Tale lettura della norma censurata risulterebbe avvalorata anche dal raffronto, in termini di gravità, tra l’illecito disciplinare di cui alla citata lettera e) dell’art. 3 del d.lgs. n. 109 del 2006 e altri illeciti previsti dallo stesso articolo per i quali non è prevista la rimozione, quale l’illecito descritto nella lettera i), ove si evoca addirittura la strumentalizzazione della qualità di magistrato per condizionare l’esercizio di funzioni costituzionalmente previste.

Nello stesso senso militerebbe, inoltre, anche la complessiva struttura del Capo I del d.lgs. n. 109 del 2006, posto che alla individuazione delle sanzioni tipizzate dall’art. 5 non corrispondono, con altrettanta precisione, le condotte descritte negli artt. 2, 3 e 4. In sostanza, il legislatore si sarebbe limitato a «declinare i profili di sostanziale gravità delle condotte rispetto al grado di importanza afflittiva delle misure contemplate, evidentemente riservando alla fondamentale ed imprescindibile "mediazione” del procedimento disciplinare la valutazione in concreto della determinazione punitiva da emettere», tenuto anche conto della notevole genericità che caratterizzerebbe le previsioni dettate dalle lettere a), b) ed e) del citato art. 3.

Tale interpretazione sarebbe, del resto, rispettosa dei principi di proporzionalità e adeguatezza, desumibili dalla giurisprudenza di questa Corte, che ha affermato la legittimità della irrogazione automatica della sanzione disciplinare della destituzione solo nei casi in cui la sanzione penale risulti incompatibile con il mantenimento del rapporto di impiego o di servizio.

Nella specie, dunque, il Consiglio superiore della magistratura si sarebbe astenuto dal ricercare una interpretazione costituzionalmente compatibile della disposizione censurata, senza offrire adeguata motivazione circa le ragioni per le quali una siffatta interpretazione non era praticabile.
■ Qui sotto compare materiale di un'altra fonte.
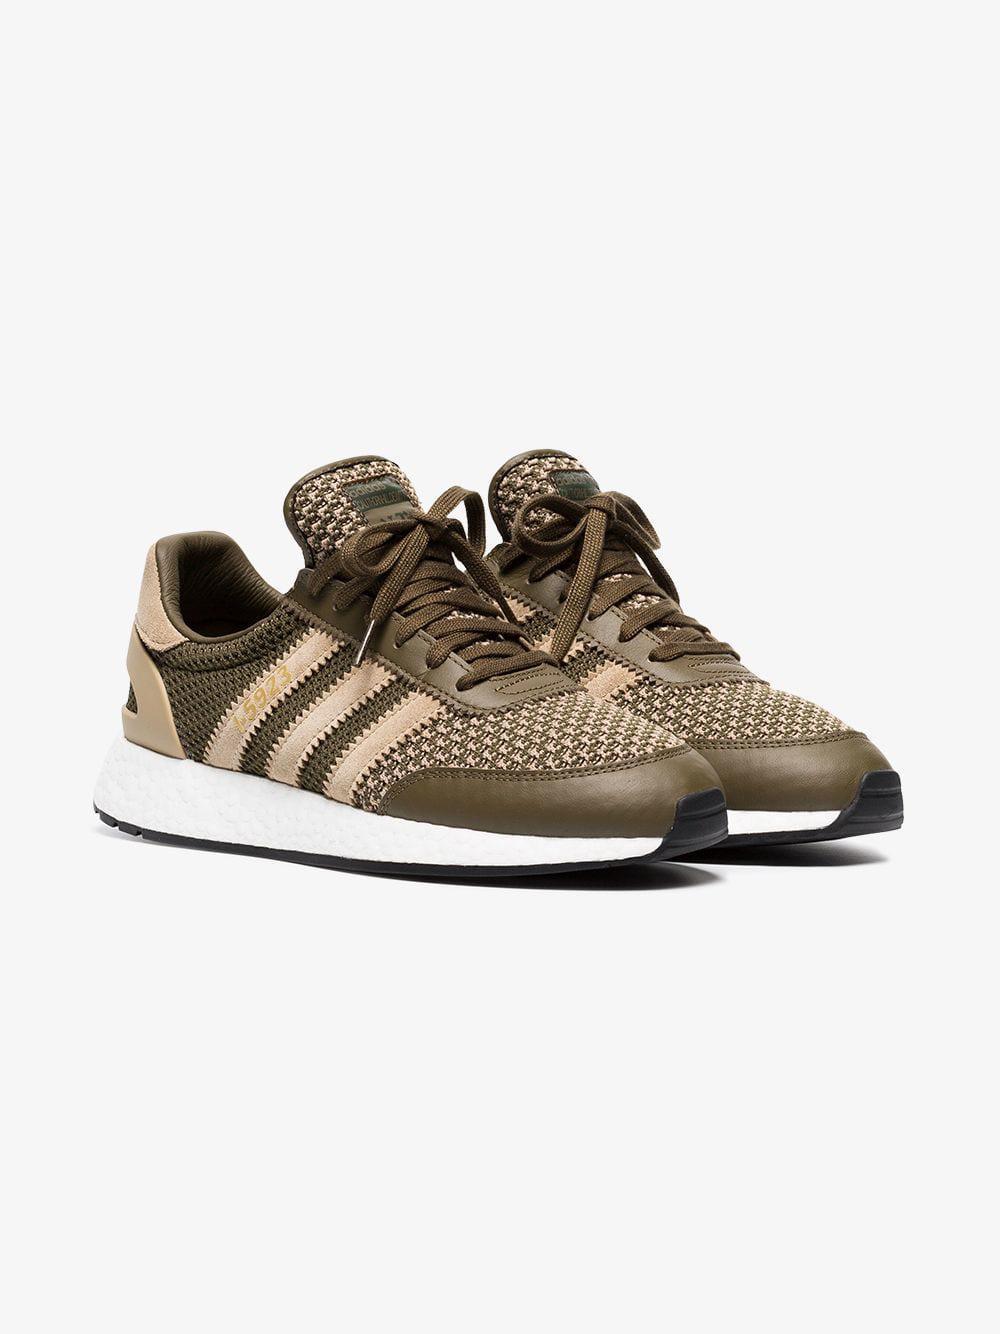 adidas X Neighbourhood 1-5923 Sneakers in Green for Men - Lyst 551ef578f79c

Di qui la sollecitazione rivolta a questa Corte ad adottare una pronuncia interpretativa costituzionalmente orientata, la cui praticabilità sarebbe «sfuggita al giudice disciplinare remittente».

3.2.– Secondo la parte privata, il giudice a quo avrebbe inoltre omesso di valutare alcuni aspetti derivanti dal procedimento penale che ha riguardato la magistrata incolpata, e che renderebbero irrilevante la questione proposta. Nella sentenza di assoluzione pronunciata nei suoi confronti è stata infatti esclusa la sua responsabilità non solo per il delitto contestato di concussione di cui all’art. 317 cod. pen., ma anche la possibilità di riqualificare i fatti a lei addebitati ai sensi della meno grave ipotesi delittuosa di cui all’art. 319-quater cod. pen., la cui fattispecie astratta sarebbe «sostanzialmente speculare» a quella descritta dalla lettera e) dell’art. 3 del d.lgs. n. 109 del 2006, per la quale è stata mossa la contestazione disciplinare oggetto del procedimento a quo. Il che – conclude la difesa della parte privata – avrebbe dovuto indurre il giudice disciplinare a disporre l’immediata archiviazione del procedimento, stante la piena sovrapponibilità tra i fatti oggetto dal giudicato assolutorio e quelli contestati in sede disciplinare.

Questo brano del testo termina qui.